第一部 紐約一位獵奇者的足跡

h2id="b001"紐約:被忽視之城/h2紐約城裡有許多東西不為人知。在這座城市裡,野貓睡在停著的汽車下面,兩隻石犰狳「爬上」了聖帕特里克大教堂,成千上萬的螞蟻在帝國大廈頂上爬行。螞蟻也許是被風或鳥兒帶到這兒的,不過沒有人敢肯定。在紐約,幾乎沒人知道這些螞蟻的存在,就像人們不知道有位乞丐每天乘計程車到鮑厄裡大街乞討,也不知道有位衣冠楚楚的男人每天從第六大道的垃圾桶裡撿垃圾,更不知道有位號稱具有「超凡洞察力、超凡聽覺和超凡感覺」的巫師常常出沒於西城七十幾街那一帶。

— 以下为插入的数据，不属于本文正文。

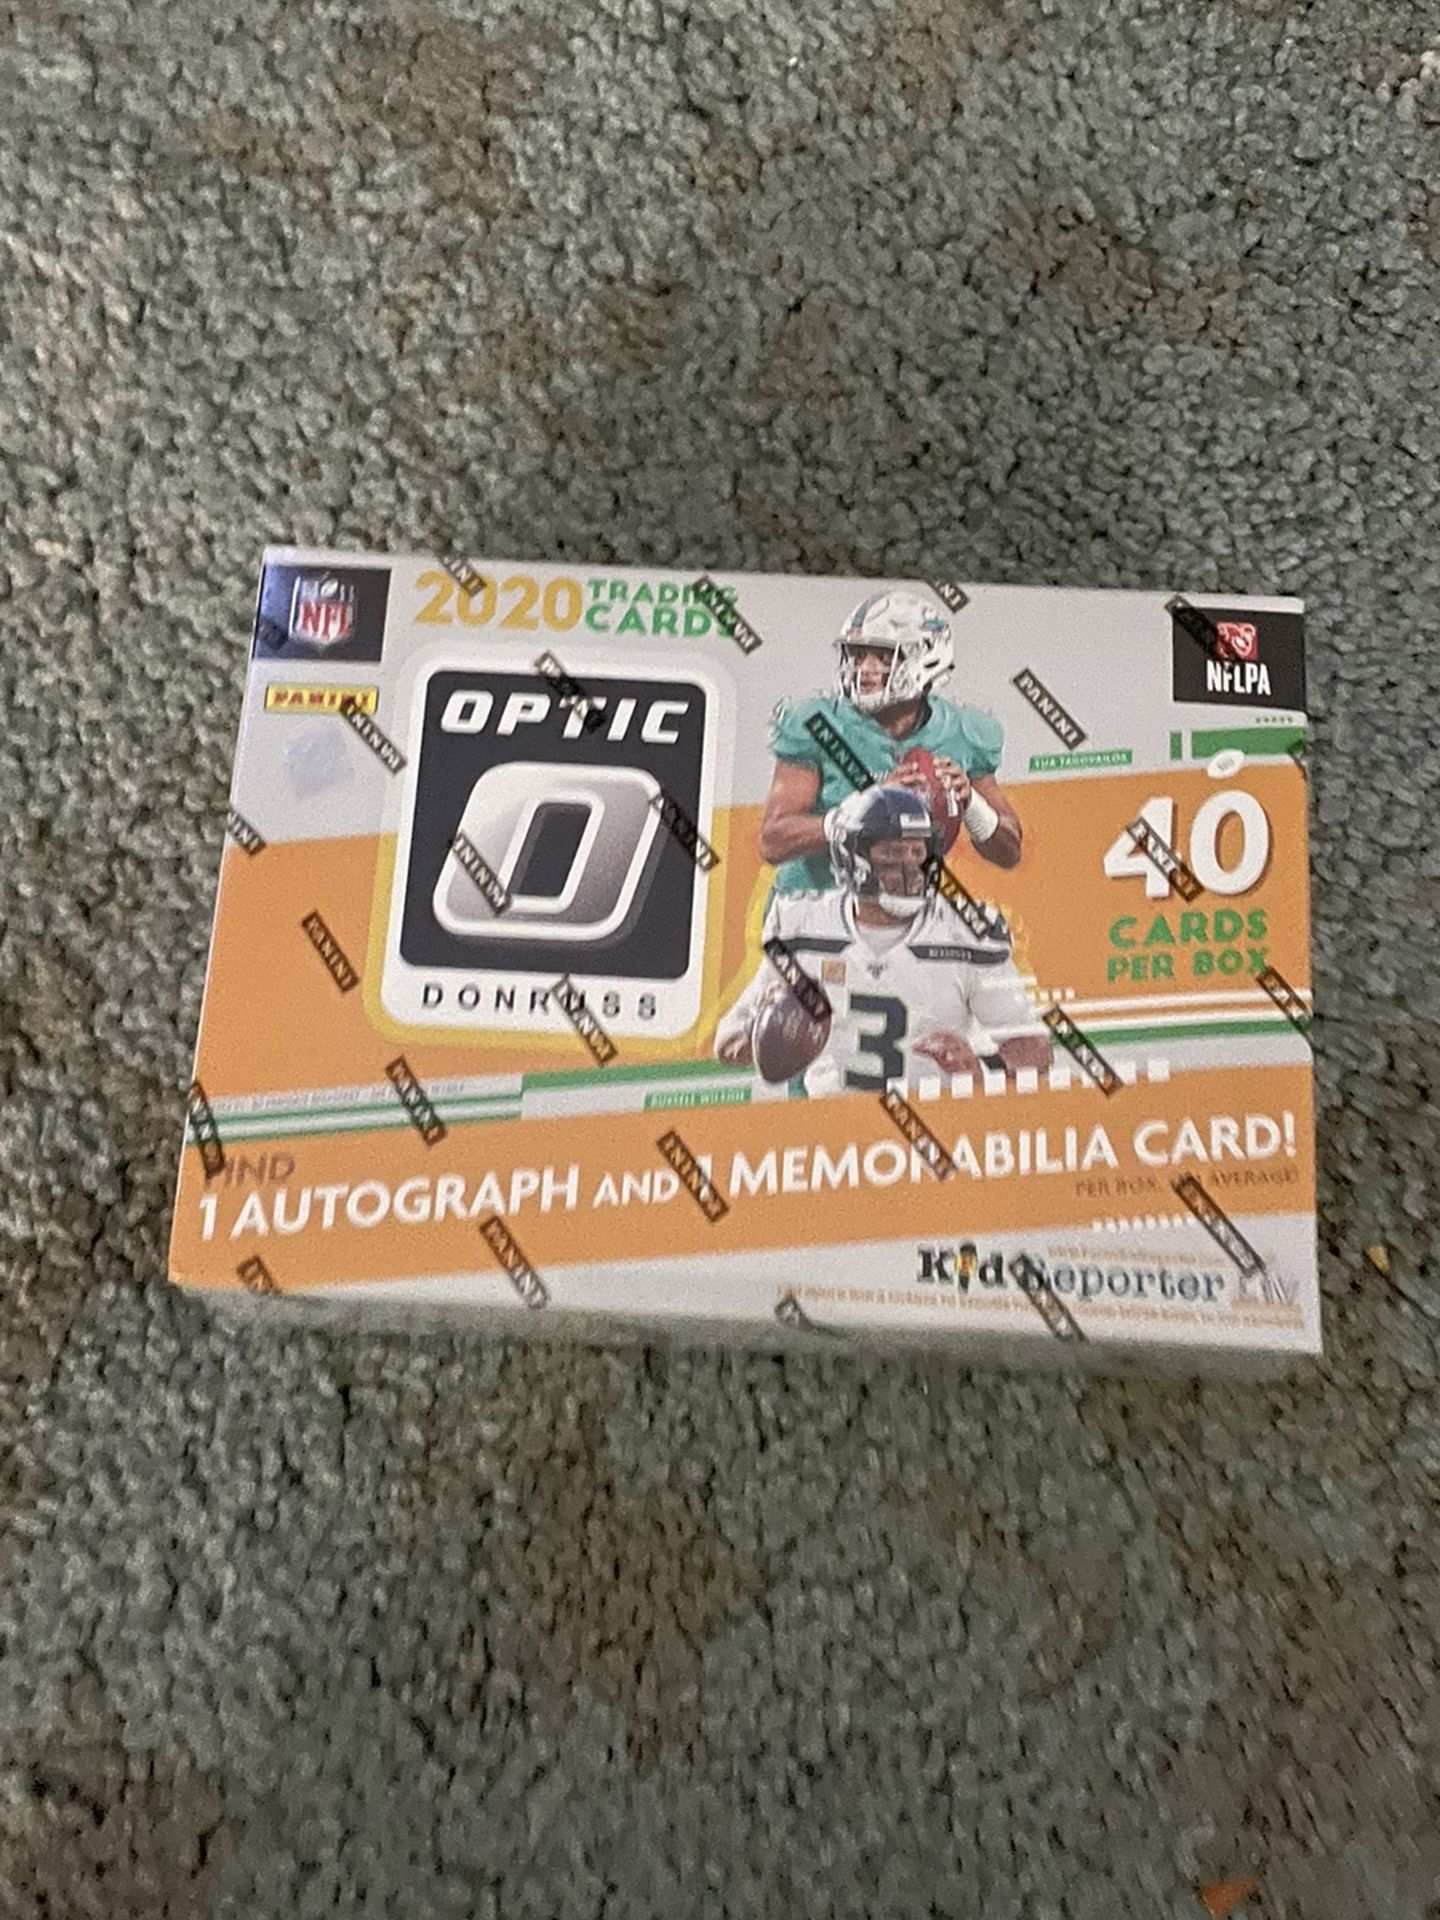 Optic football mega box with one autograph and mem card

紐約城裡到處是各種奇聞軼事和千奇百怪的資訊。紐約人每分鐘眨眼28次,但緊張時每分鐘可能要眨眼40次;大多數在揚基體育場邊吃爆米花邊看棒球賽的人,在運動員投球的剎那間,都停止了口中的咀嚼;還有那些在梅西百貨乘坐扶梯時嚼著口香糖的人,在下電梯前那一刻也會停止咀嚼,好把注意力集中在最後一步上;工人們清理布朗克斯動物園時,硬幣、廢紙、圓珠筆和小女孩用的錢包隨處可見。

每天,紐約人要喝下46萬加侖啤酒,吃掉350萬磅肉,消耗21英里長的牙線。在這座城裡,每天有250人死去,460人出生,15萬人戴著玻璃或塑膠假眼行走。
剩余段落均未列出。